───── Supplied material ─────

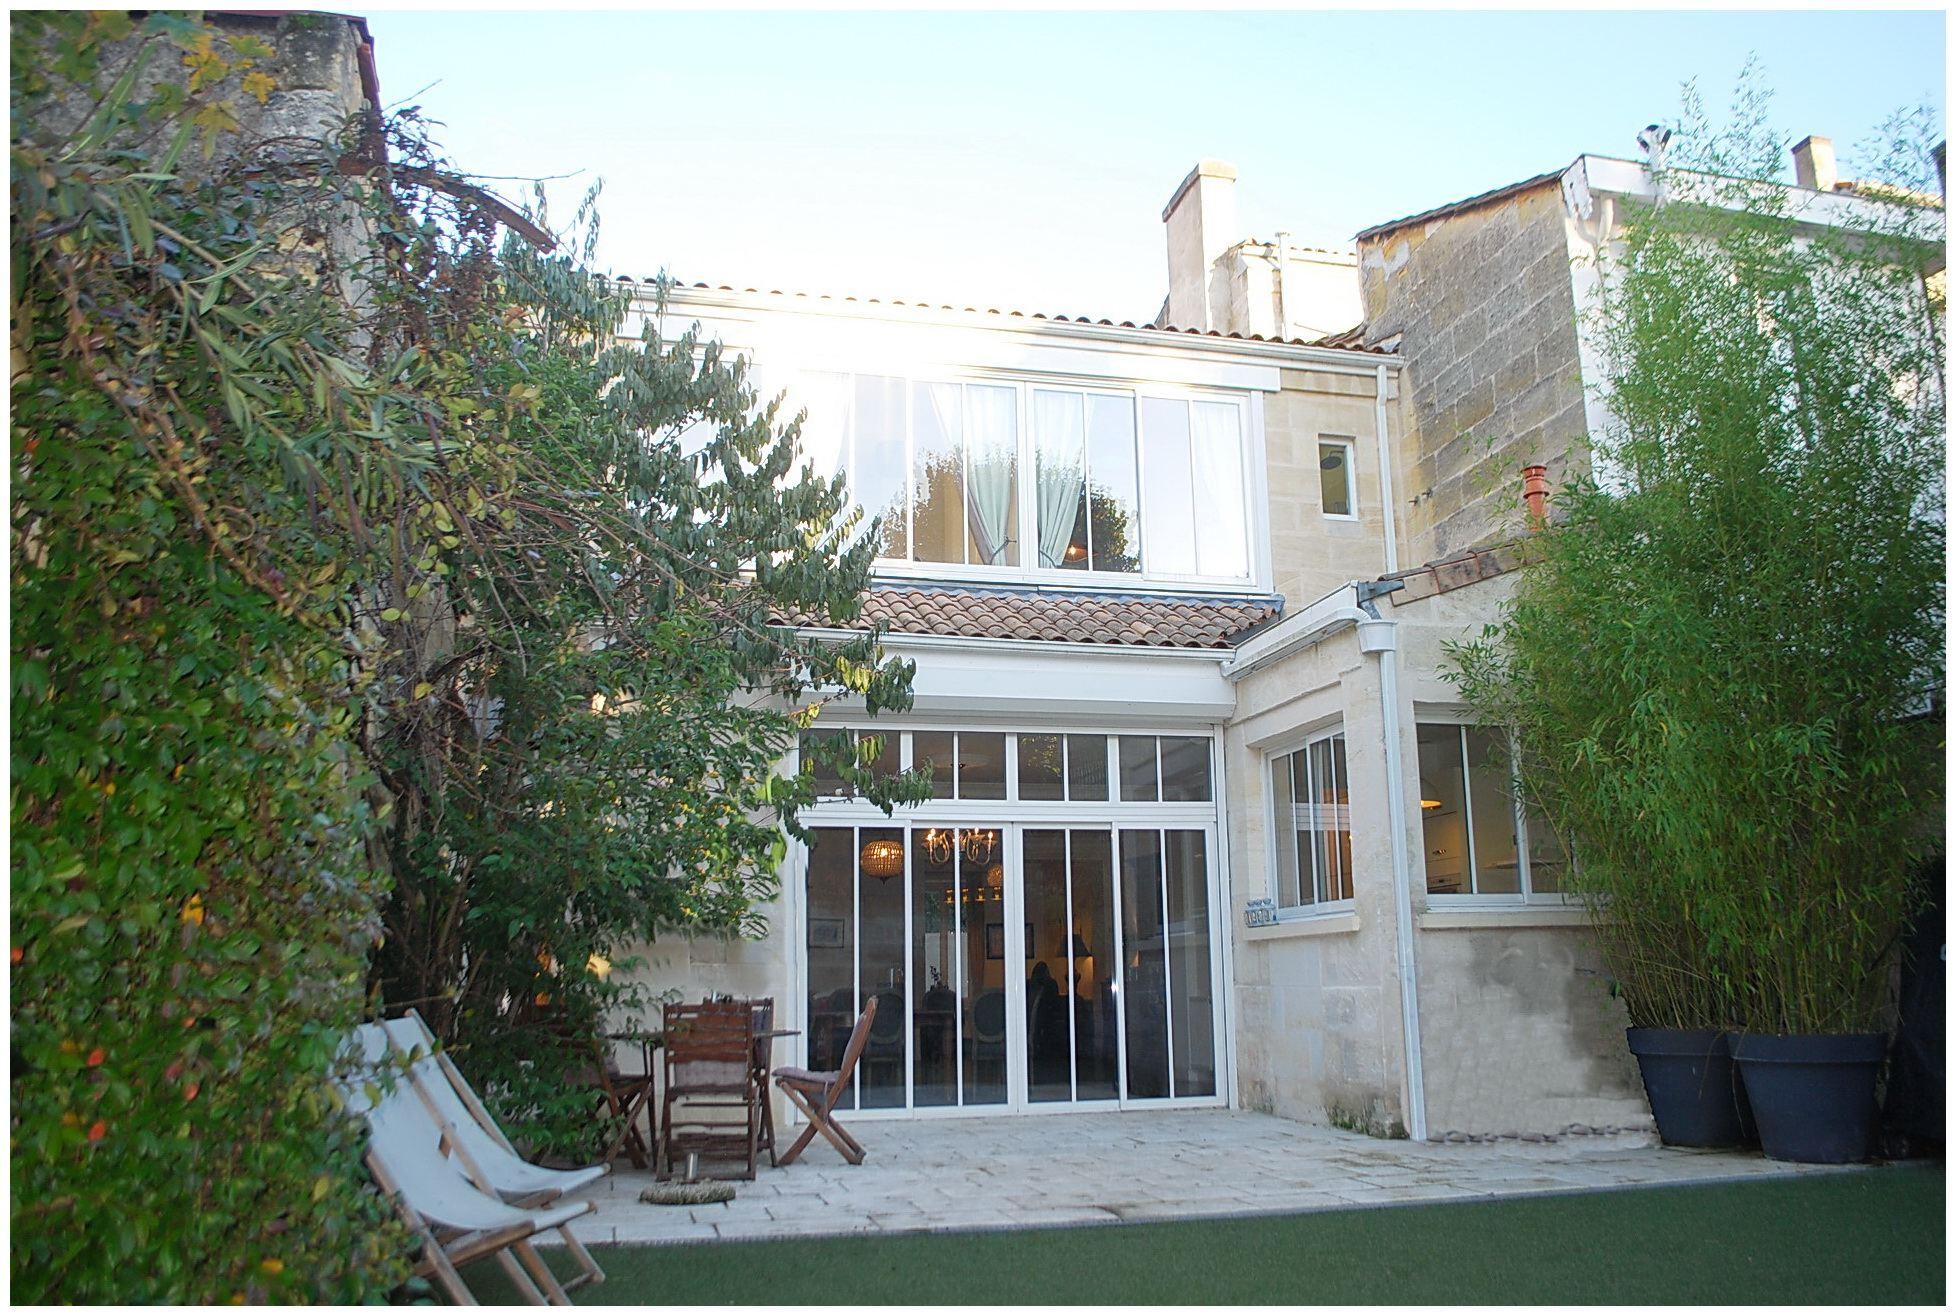 一戸建て のために 売買 アット BORDEAUX LABOTTIERE LOVELY STONE TOWNHOUSE Bordeaux, アキテーヌ, 33000 フランス
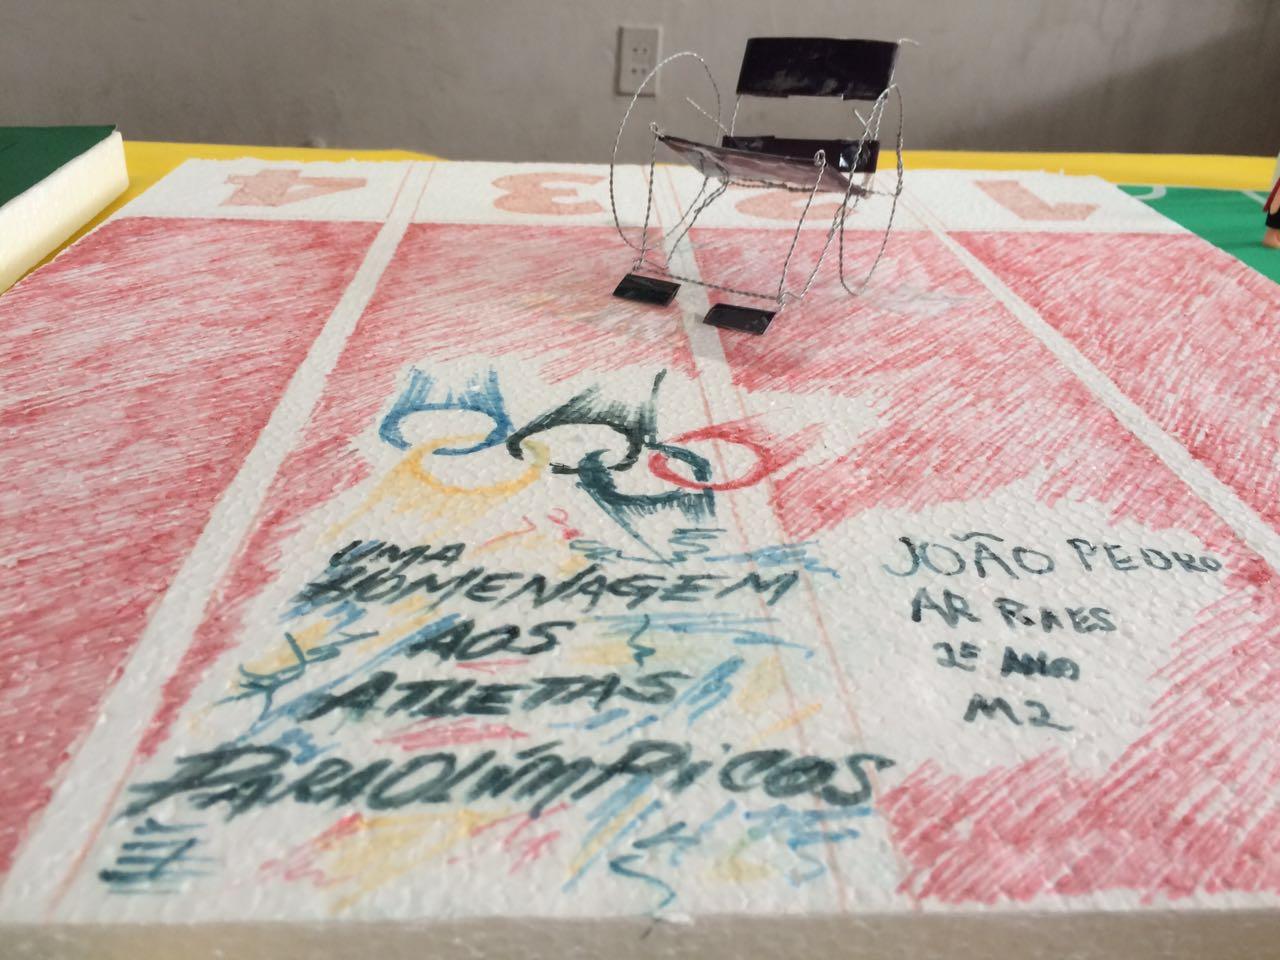 Maquete em homenagem aos atletas paraolímpicos (FOTO: Matheus Ribeiro / Tribuna do Ceará)
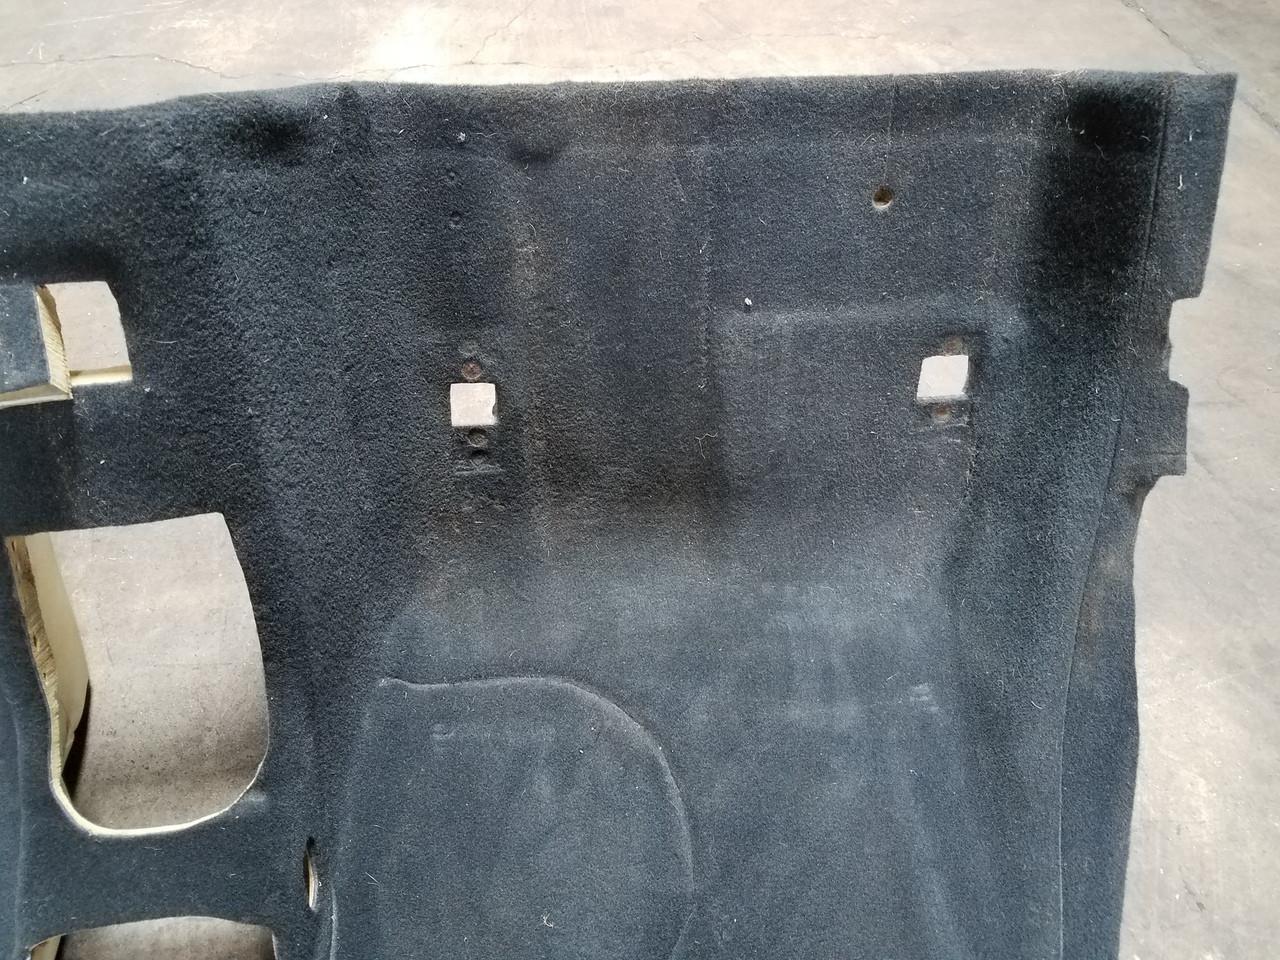 96-99 BMW E36/7 Z3 ROADSTER REAR BLACK CARPET 8397941

─────

== Problem ==
Give back the whole listing as it stands, minus its pictures.

== Response to the exercise ==
 一戸建て のために 売買 アット BORDEAUX LABOTTIERE LOVELY STONE TOWNHOUSE Bordeaux, アキテーヌ, 33000 フランス
 Maquete em homenagem aos atletas paraolímpicos (FOTO: Matheus Ribeiro / Tribuna do Ceará)
 96-99 BMW E36/7 Z3 ROADSTER REAR BLACK CARPET 8397941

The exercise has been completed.